• [EXERCISE BRIEF]
Copy every line of the data exactly, keeping out any picture.

• [DATA SHOWN]
┌──
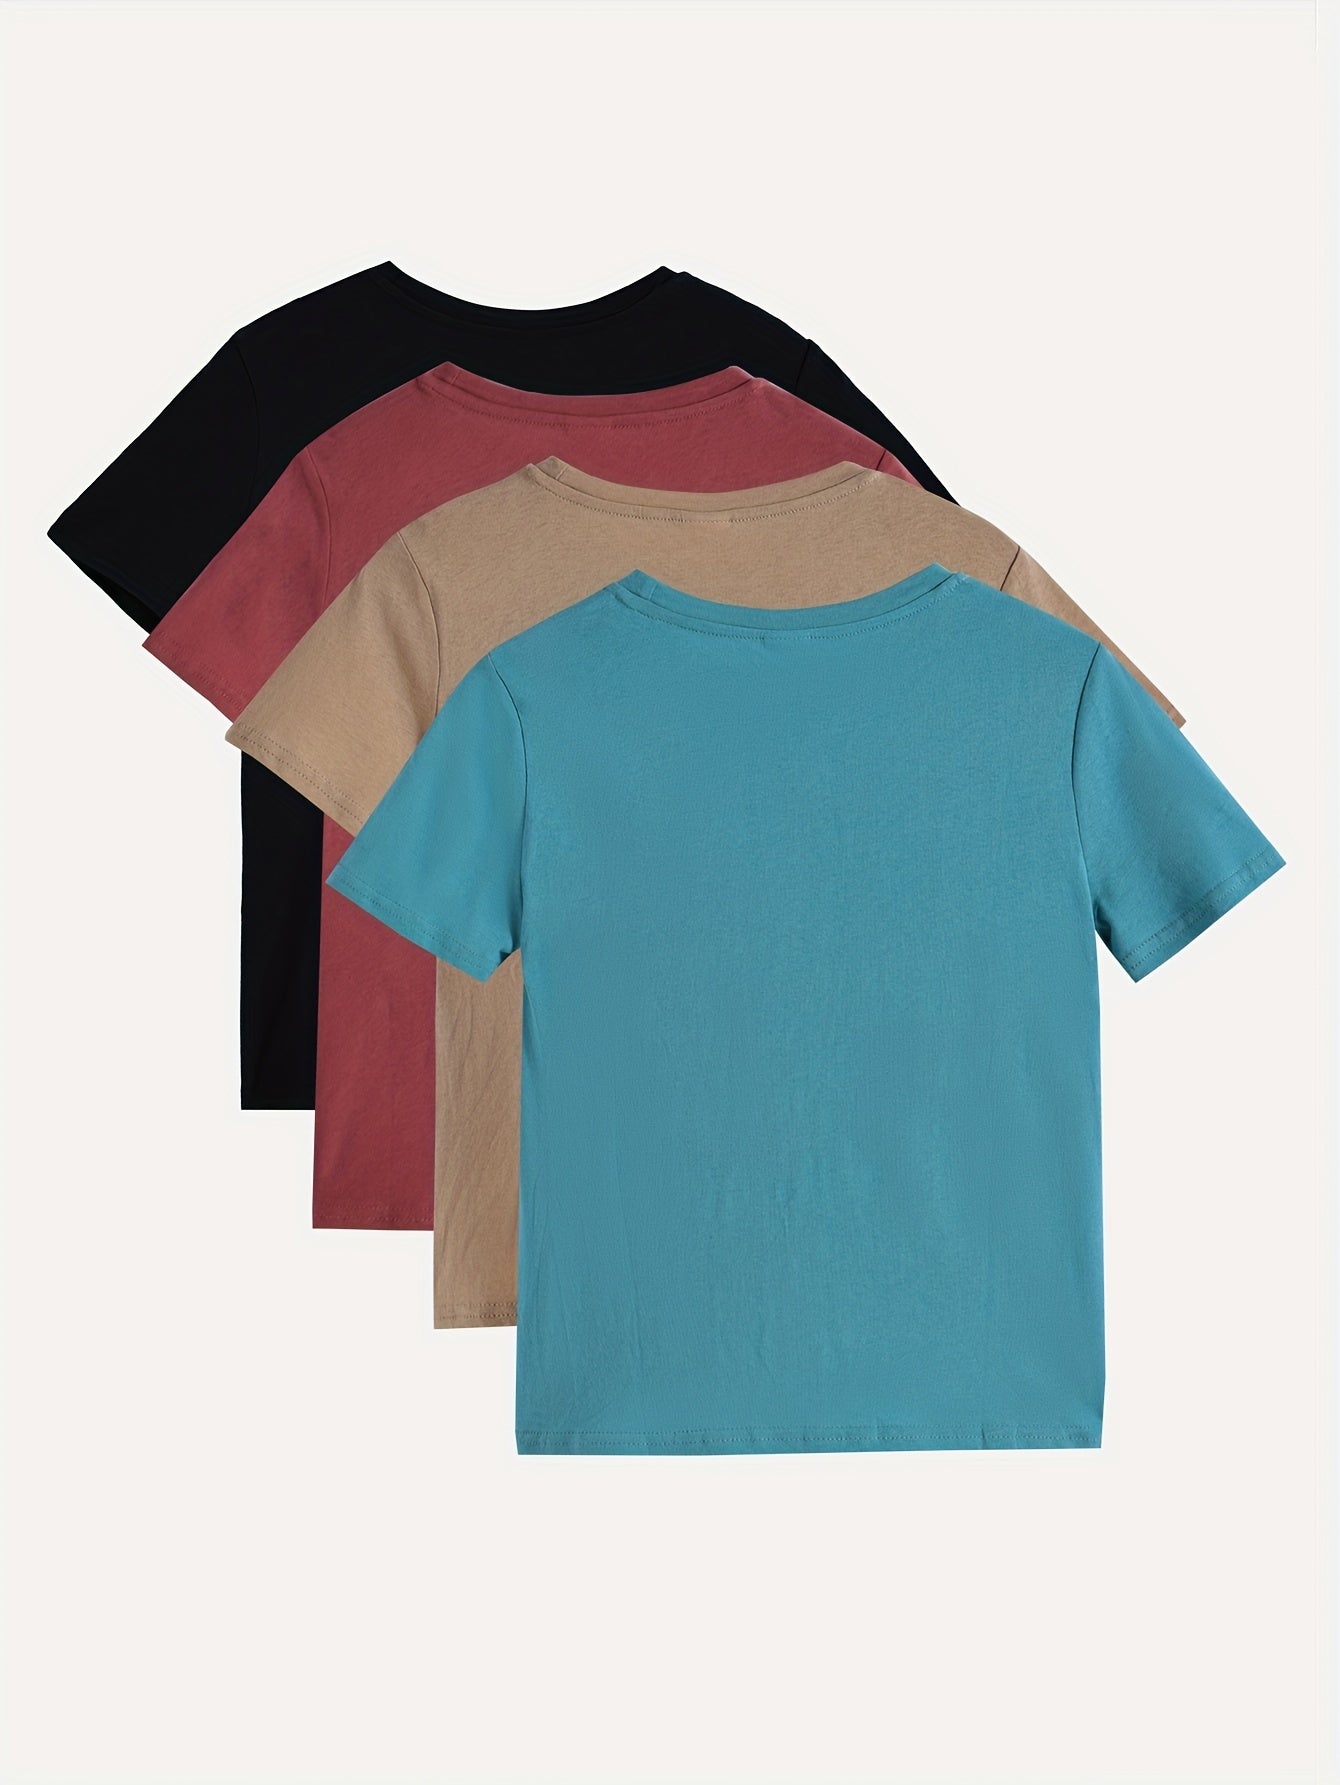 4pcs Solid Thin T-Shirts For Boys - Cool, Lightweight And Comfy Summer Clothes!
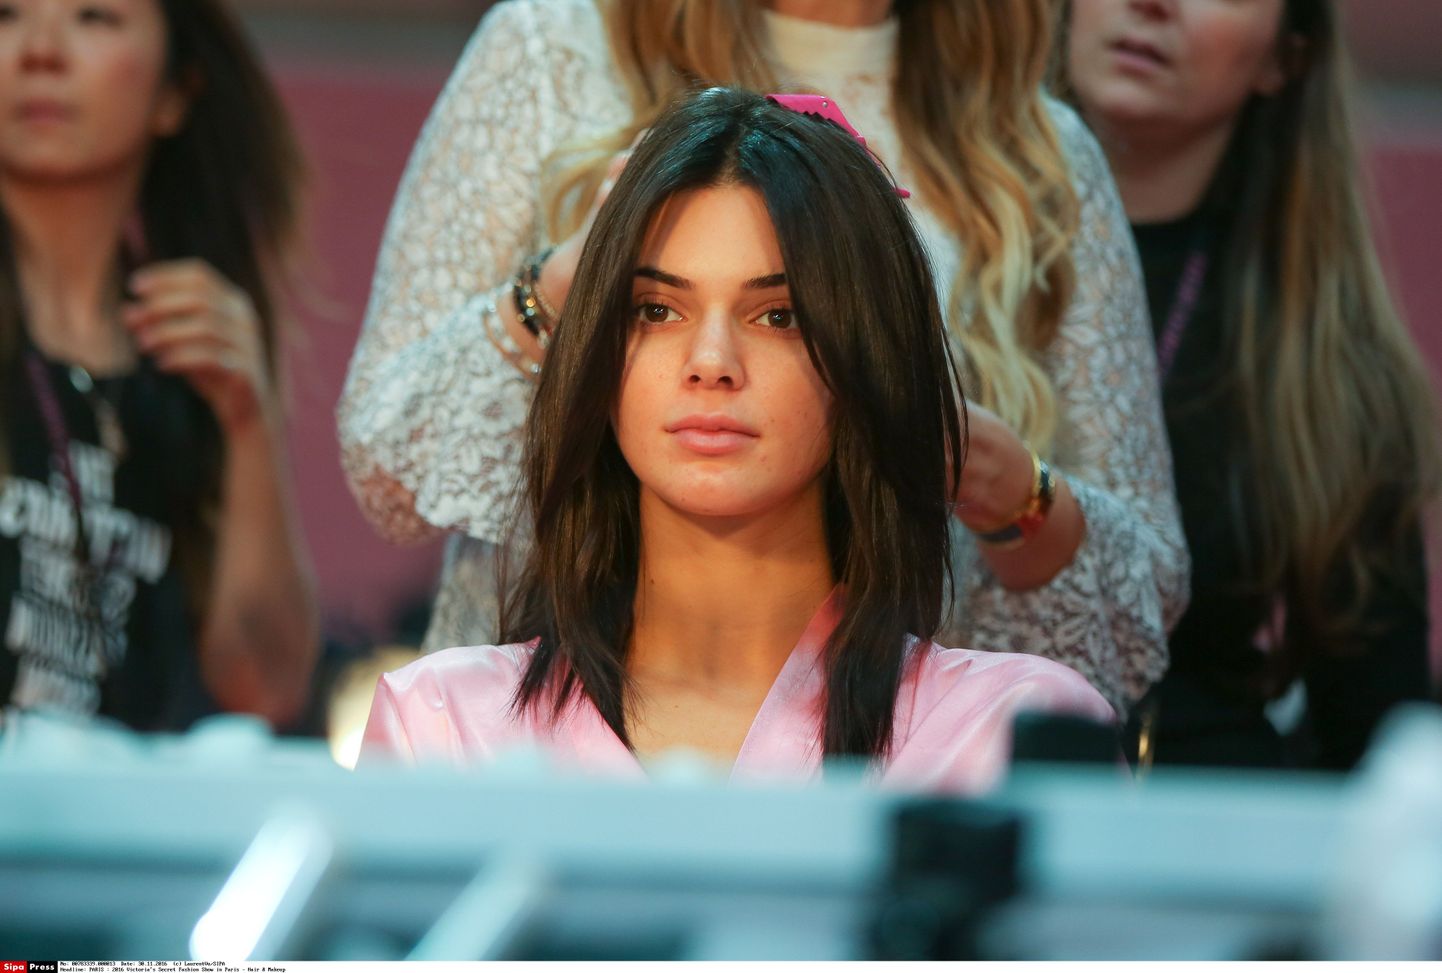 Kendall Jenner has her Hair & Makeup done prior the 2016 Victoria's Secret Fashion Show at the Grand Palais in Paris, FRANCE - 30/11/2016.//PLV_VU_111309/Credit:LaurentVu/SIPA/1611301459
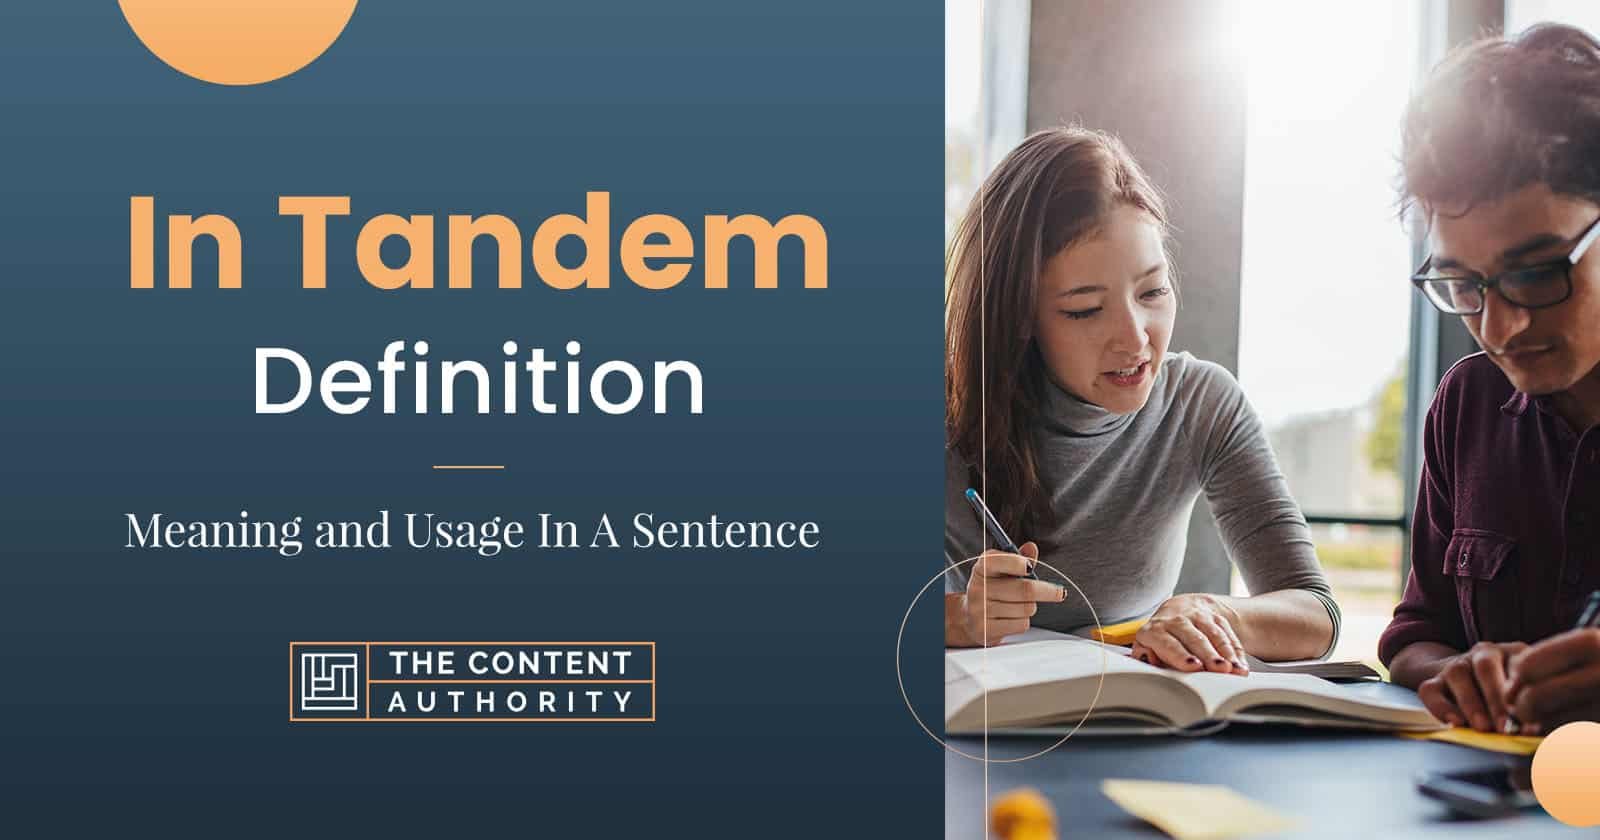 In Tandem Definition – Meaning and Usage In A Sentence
└──
• [TASK OUTPUT]
 4pcs Solid Thin T-Shirts For Boys - Cool, Lightweight And Comfy Summer Clothes!
 Kendall Jenner has her Hair & Makeup done prior the 2016 Victoria's Secret Fashion Show at the Grand Palais in Paris, FRANCE - 30/11/2016.//PLV_VU_111309/Credit:LaurentVu/SIPA/1611301459
 In Tandem Definition – Meaning and Usage In A Sentence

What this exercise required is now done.